Marketing is Design! That’s how Rob Welling describes it. This comes from a man who gained more than $1000 from tweaking a website and hit the jackpot by choosing the right words to advertise. Welling learned these three-fold moral lessons in internet marketing:
- Know your customer.
- Make your customer feel at ease with what he/she is buying.
- Always be testing.
The first two numbers above are self-explanatory and all businessmen know this by heart. The third one is a bit tricky though and this is how Welling explains it.
“And by far the biggest lesson I learned is that you have to test everything. You use your experience and rules of thumb to come up with ideas to try, and then you have to try them and test to see if they work.”
Welling believes that marketing is different from coding in a way where coding is a highly constrained environment and the options in marketing are infinite and the ways to success are unique to each dilemma.

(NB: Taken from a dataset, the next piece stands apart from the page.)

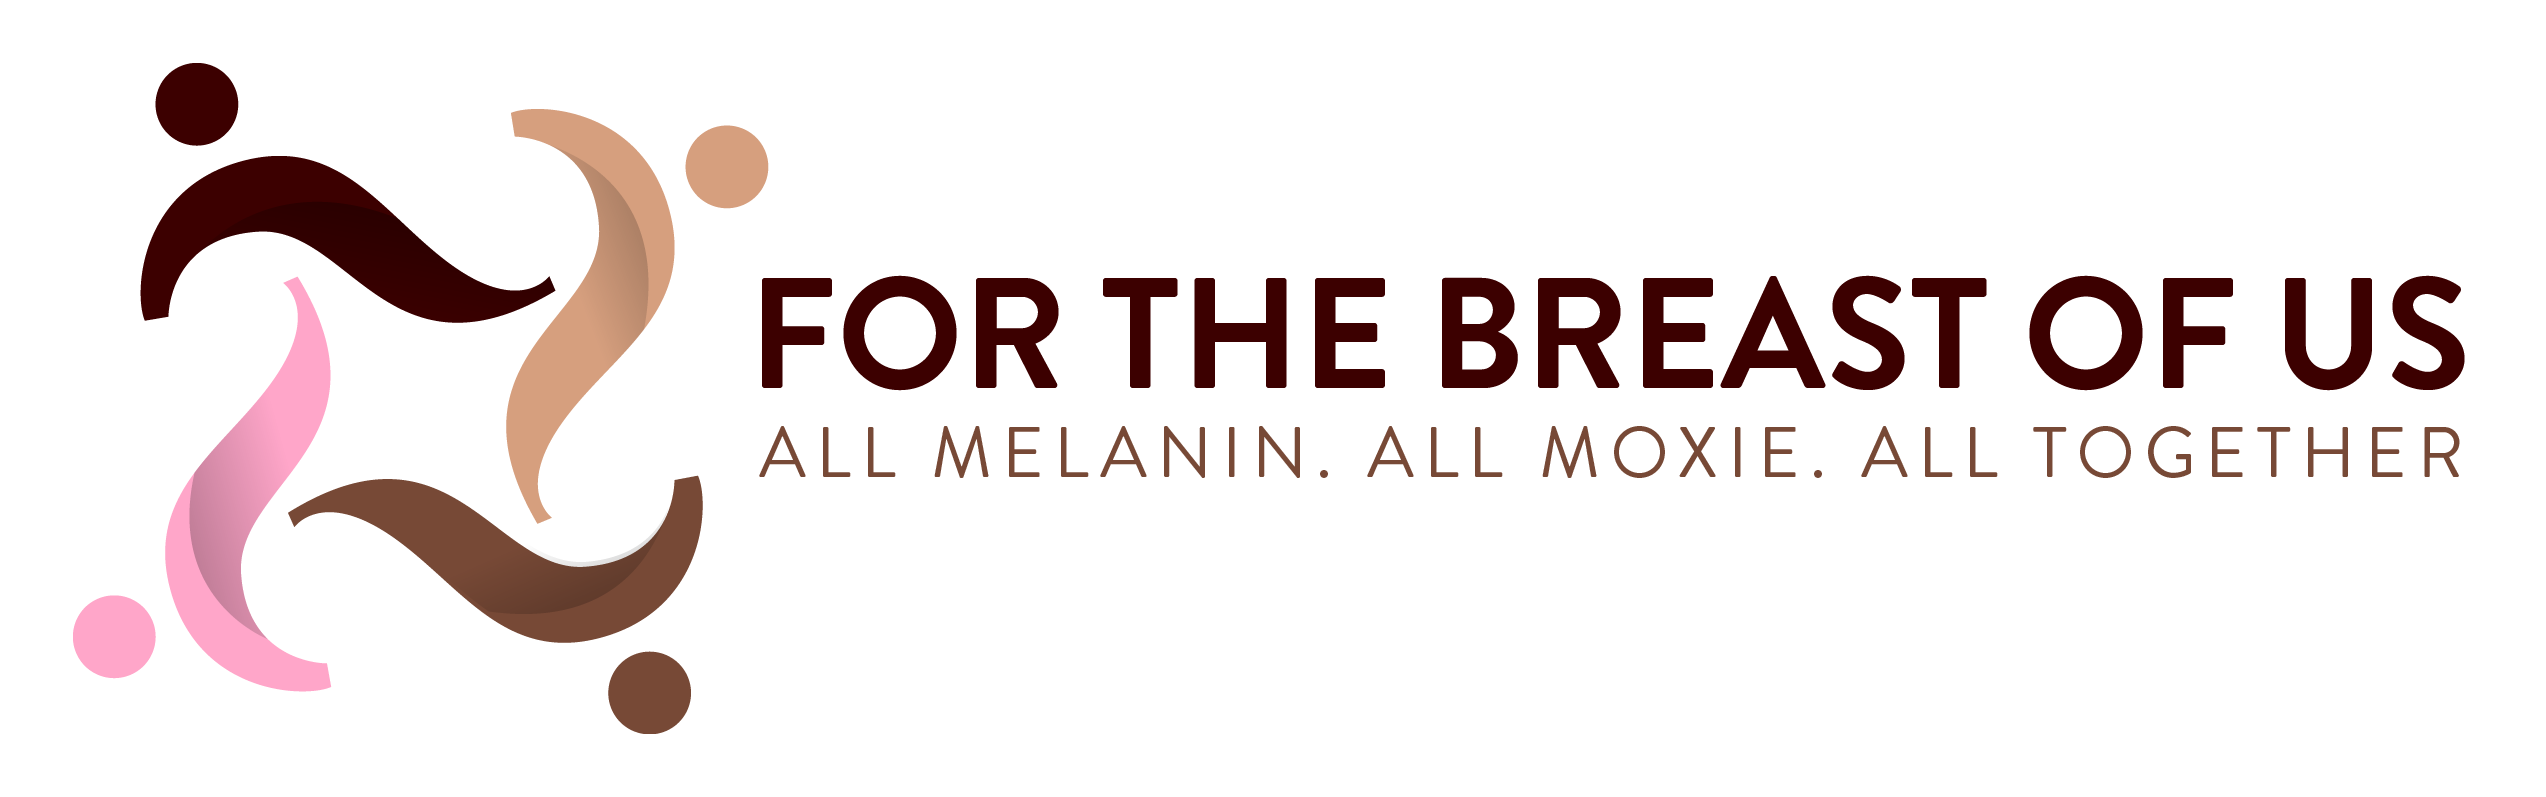 For The Breast Of Us logo. It represents 4 diverse people. The words all melanin, all moxie, all together are written under.

But what did Rob Welling really did?
Rob tweaked his website selling beach towels by updating his graphic design, added other products aside from the towels, adjusted shipping costs, and many other changes in order for the viewers become actual buyers of his products. He did those in 6 months, and each time he made the change, he noticed that there is actually no difference in his sales, not until he added only three small words which are:
“Low Price Guarantee”
Rob made the change on a whim and forgot about it until his sales skyrocketed from $210/month to $2200/month immediately.
The moral here is to be the cheapest supplier in any market and you will multiply your sales by tenfold. But the primary lesson is to make your customers feel at ease with what they are purchasing.
People buy beach towels (or any other items) from a website because they want to save time. They want to make the purchase as quickly as possible but they also want to know that they are making a right decision about their purchase, which is what “Low Price Guarantee” offers.
The moral of the experience is to always test your sales pitch. Marketing is always a trial and error thing, if one tactic doesn’t work, then it is time to move on and formulate something new.